Chambers's Encyclopaedia, Volume 8: Peasant to Eoumelia, p. 639

Rémusat, CHARLES (FRANÇOIS MARIE), COMTE DE, a French politician and littérateur, born at Paris, 14th March 1797, the son of Augustin Laurent, Comte de Rémusat (1762-1823), who was successively chamberlain to Napoleon and a prefect under the Restoration. His mother (née Claire Elizabeth Jeanne Gravier de Vergennes) was born in 1780, married in 1796, became dame du palais to Josephine, and died in 1821. Young Rémusat early developed Liberal ideas, and took eagerly to journalism. He signed the journalists' famous protest against the Ordinances of Polignac which brought about the July revolution, and was in October elected deputy for Tonlouse. He now allied himself with the Doctrinaire party, and in 1836 became under-secretary of state for the interior. In 1840, when the government passed into the hands of Thiers, Rémusat was made minister of the Interior, but soon resigned the office. He was exiled after the coup d'état of Louis Napoleon, and henceforward devoted himself to literary and philosophical studies, till, in August 1871, M. Thiers called him to hold the portfolio of Foreign Affairs, which he retained until 1873. He died June 6, 1875. Rémusat was long a well-known contributor to the Revue des Deux Mondes.

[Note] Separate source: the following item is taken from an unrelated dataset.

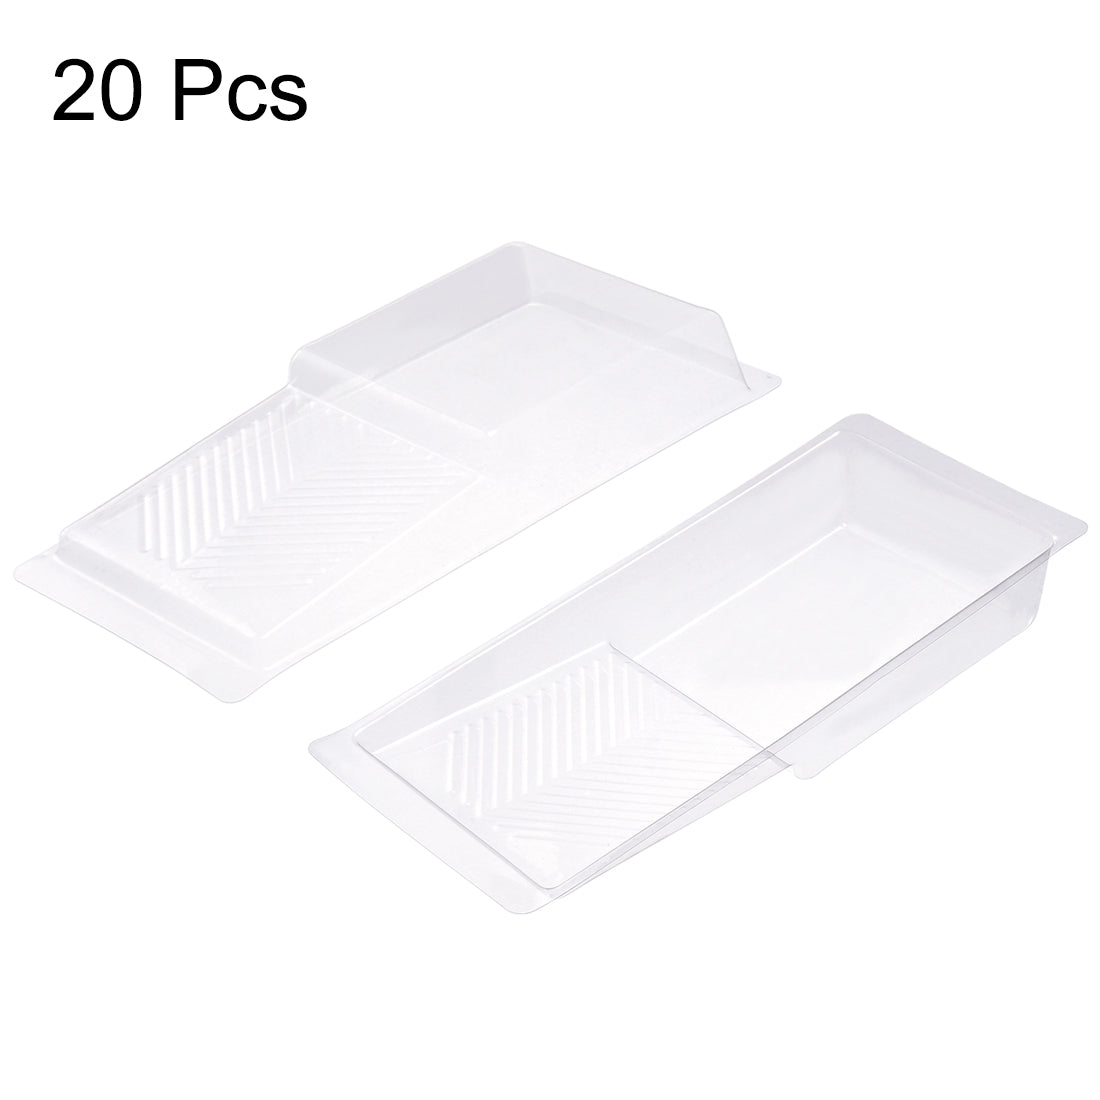 uxcell Uxcell 4 Inch Paint Roller Tray, Material PP Built for 4-Inch Roller Brushes 20pcs

Among his writings are his Essais de Philosophie (1842); Abélard (1845); L'Angleterre au XVIIIe Siècle (1856); studies on St Anselm (1853), Bacon (1857), Channing (1857), John Wesley (1870), Lord Herbert of Cherbury (1874); Histoire de la Philosophie en Angleterre de Bacon à Locke (1875); and posthumously two philosophical dramas, Abélard and La Saint Barthélemy (1878), and Correspondance pendant les premières années de la Restauration (6 vols. 1883-87).

His mother's Mémoires (3 vols. 1879-80) and Lettres (2 vols. 1881), both of which have been translated into English, proved to be of the greatest interest, and threw a flood of light on the strange society of the First Empire and the character of Napoleon.